Top of Data shown

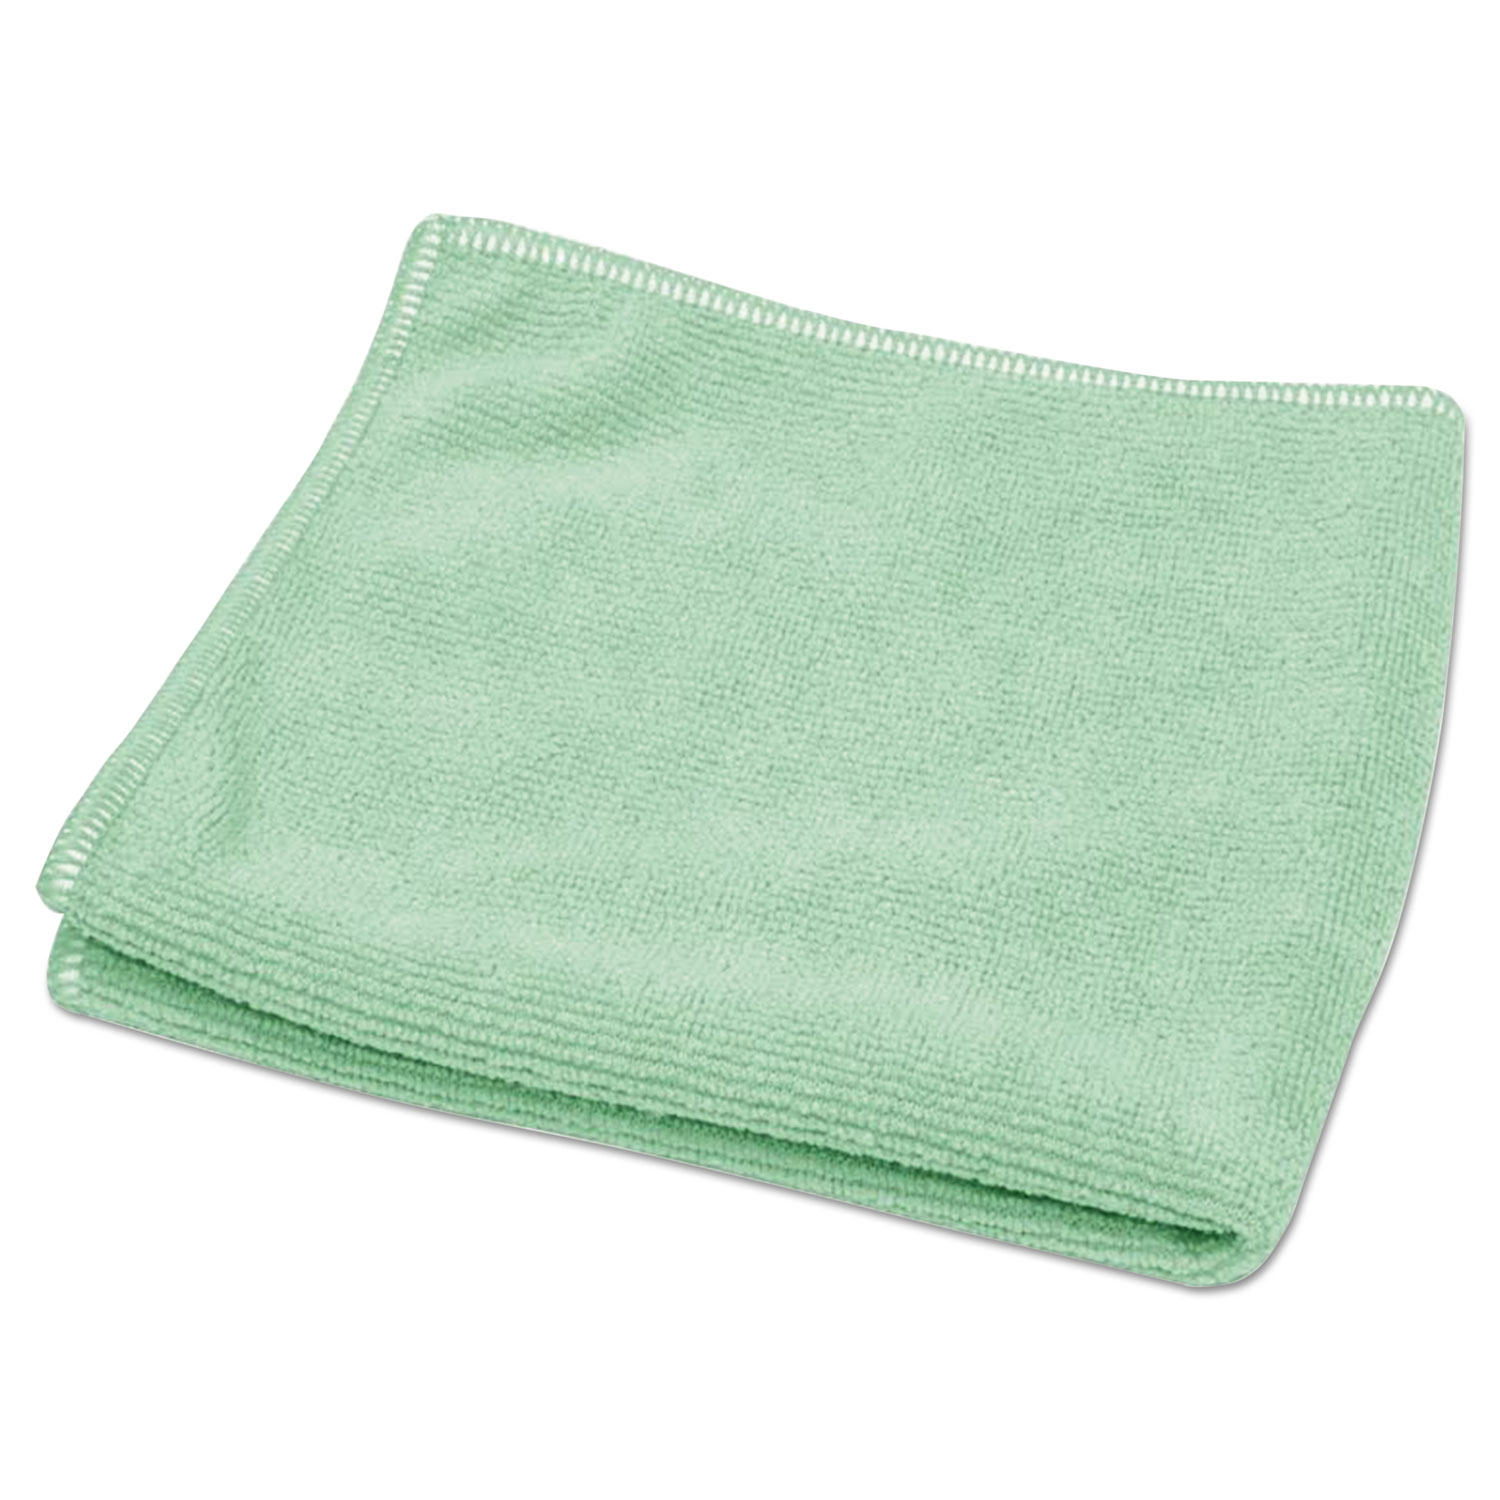 TASKI Microstandard Cloths, Green, 12 1/2 x 12 1/2, 20/Pack
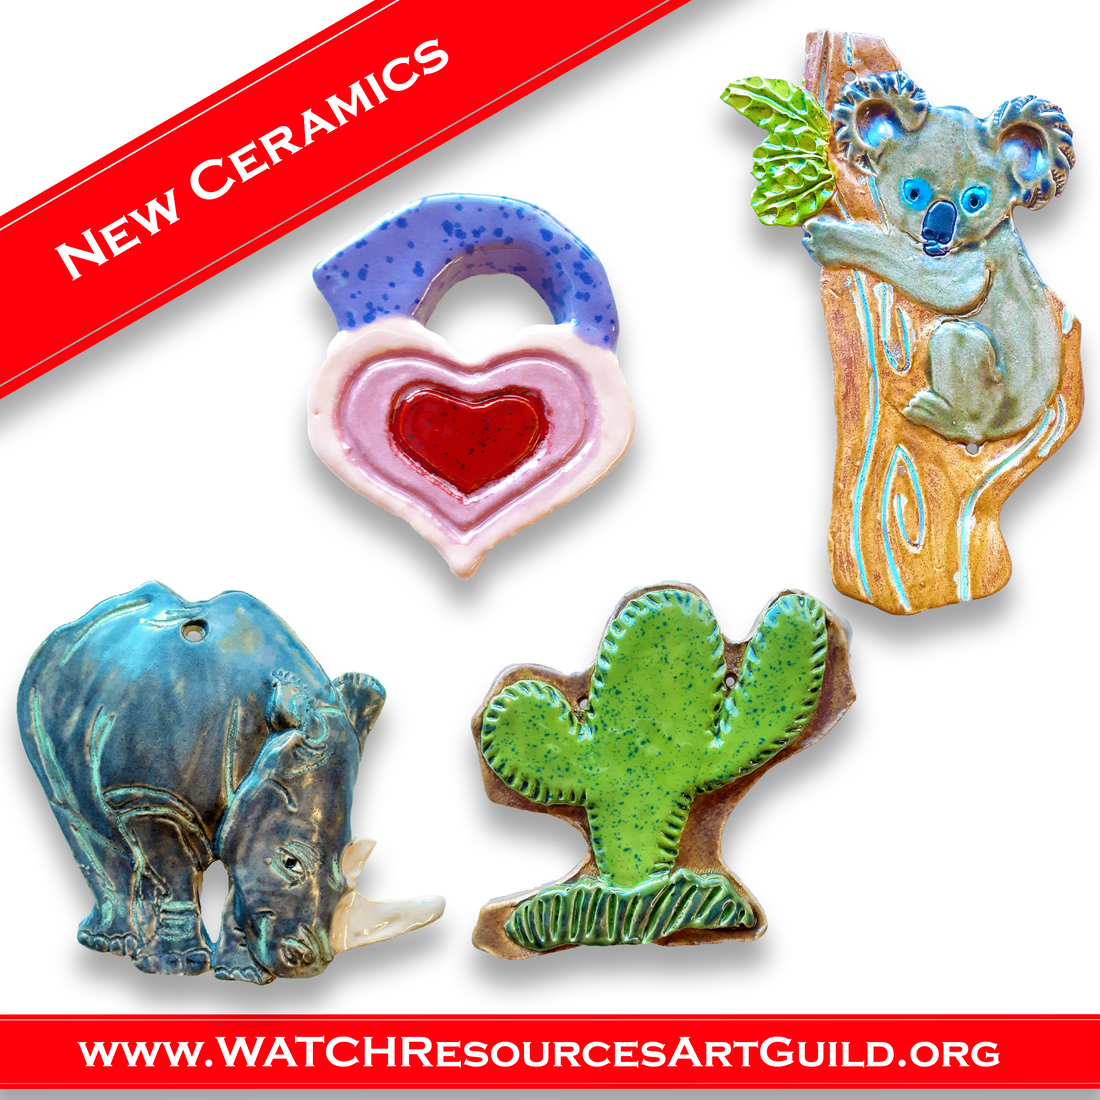 WATCH Resources Art Guild - New Ceramics!
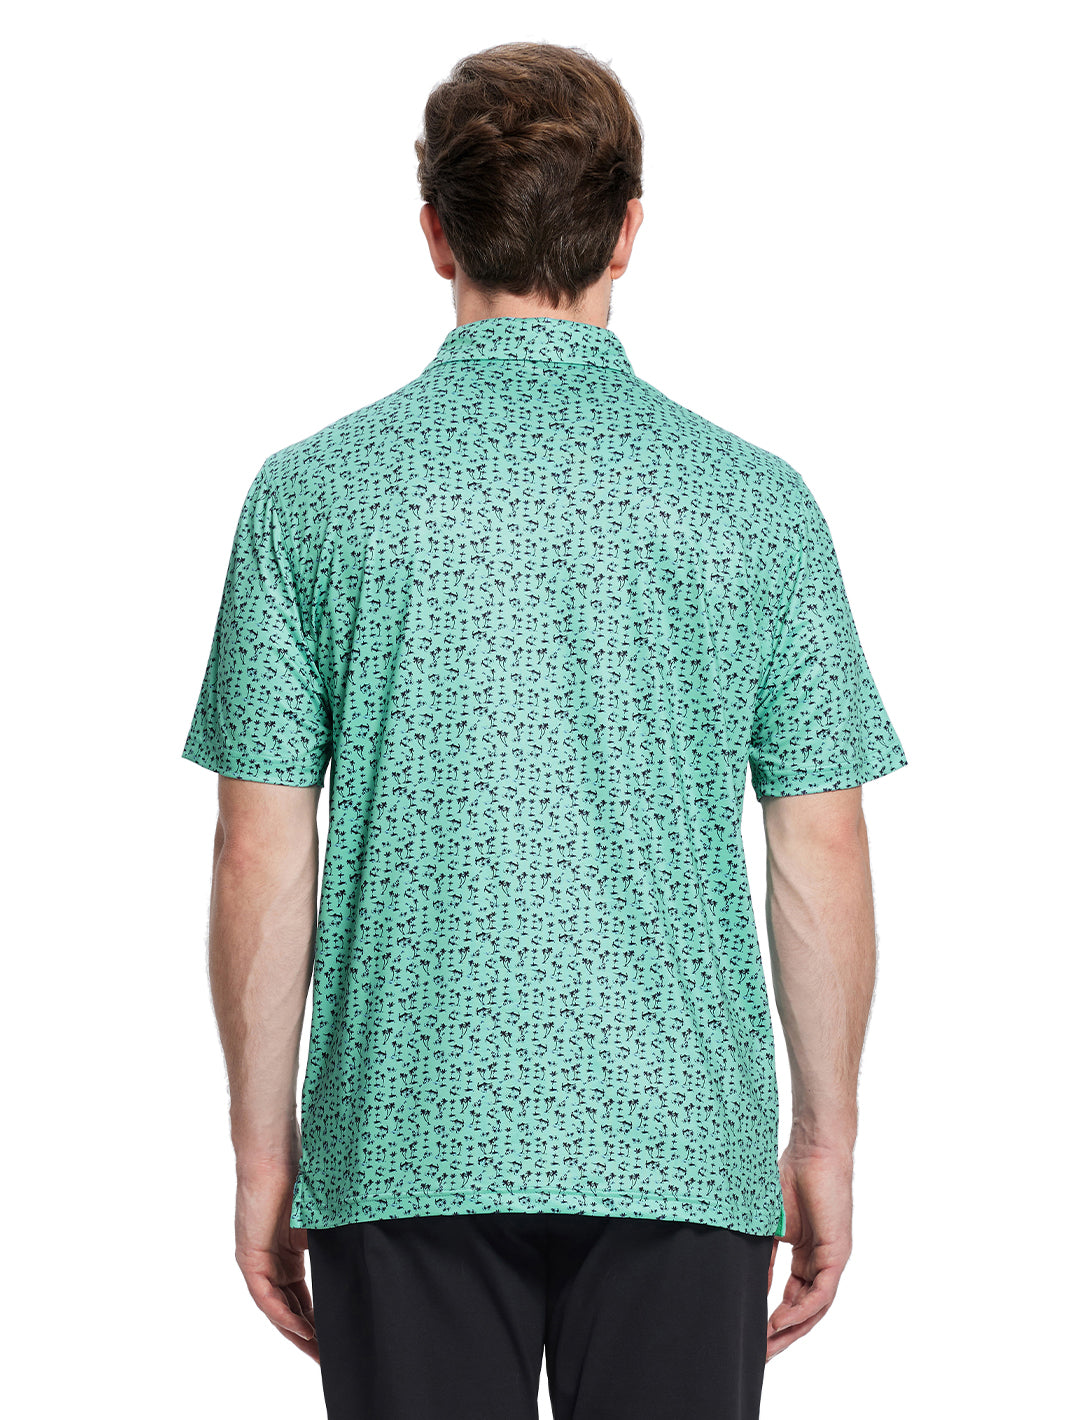 Men's Printed Golf Shirts-Mint Seaside Palm
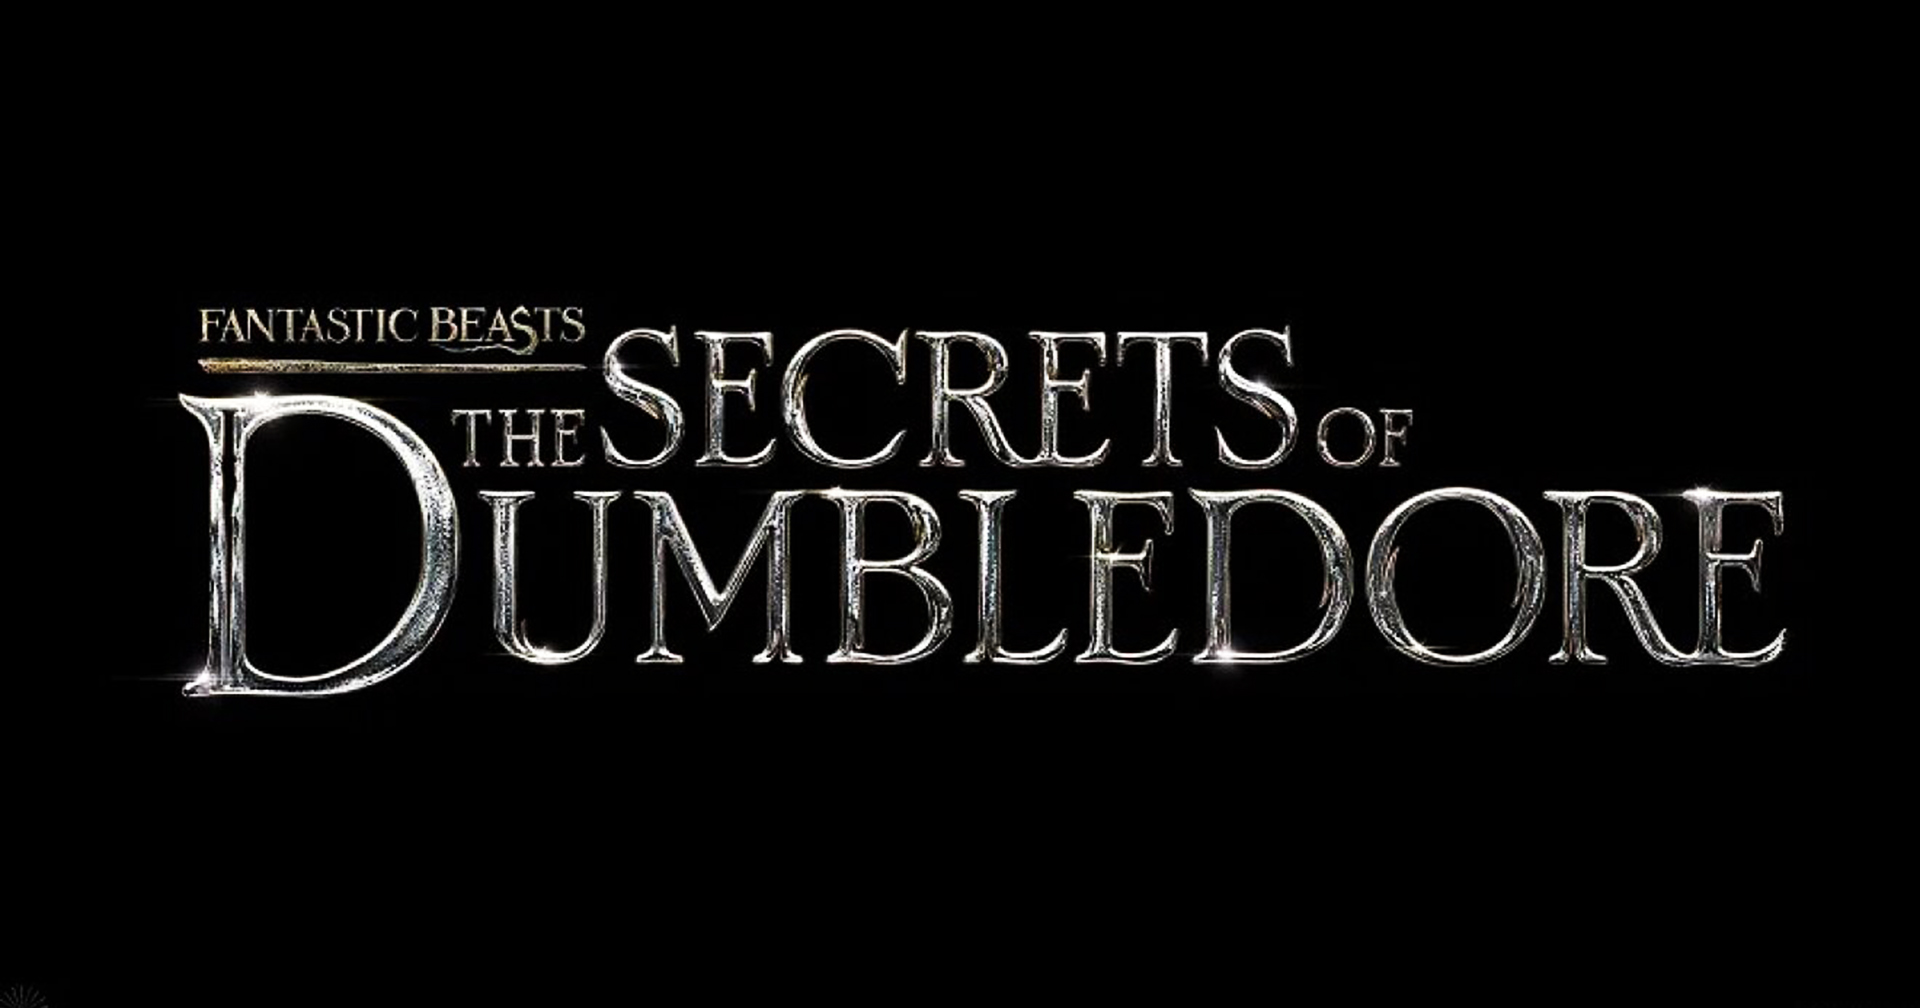 ‘Fantastic Beasts 3’ มีชื่ออย่างเป็นทางการว่า ‘Secrets of Dumbledore’

Bottom of Data shown

Required work: Copy out the lines exactly as written, beginning with the one that contains "WATCH Resources Art Guild - New Ceramics!" and ending with the last line of the material; do not include pictures.

Answer box:
 WATCH Resources Art Guild - New Ceramics!
 Men's Printed Golf Shirts-Mint Seaside Palm
 ‘Fantastic Beasts 3’ มีชื่ออย่างเป็นทางการว่า ‘Secrets of Dumbledore’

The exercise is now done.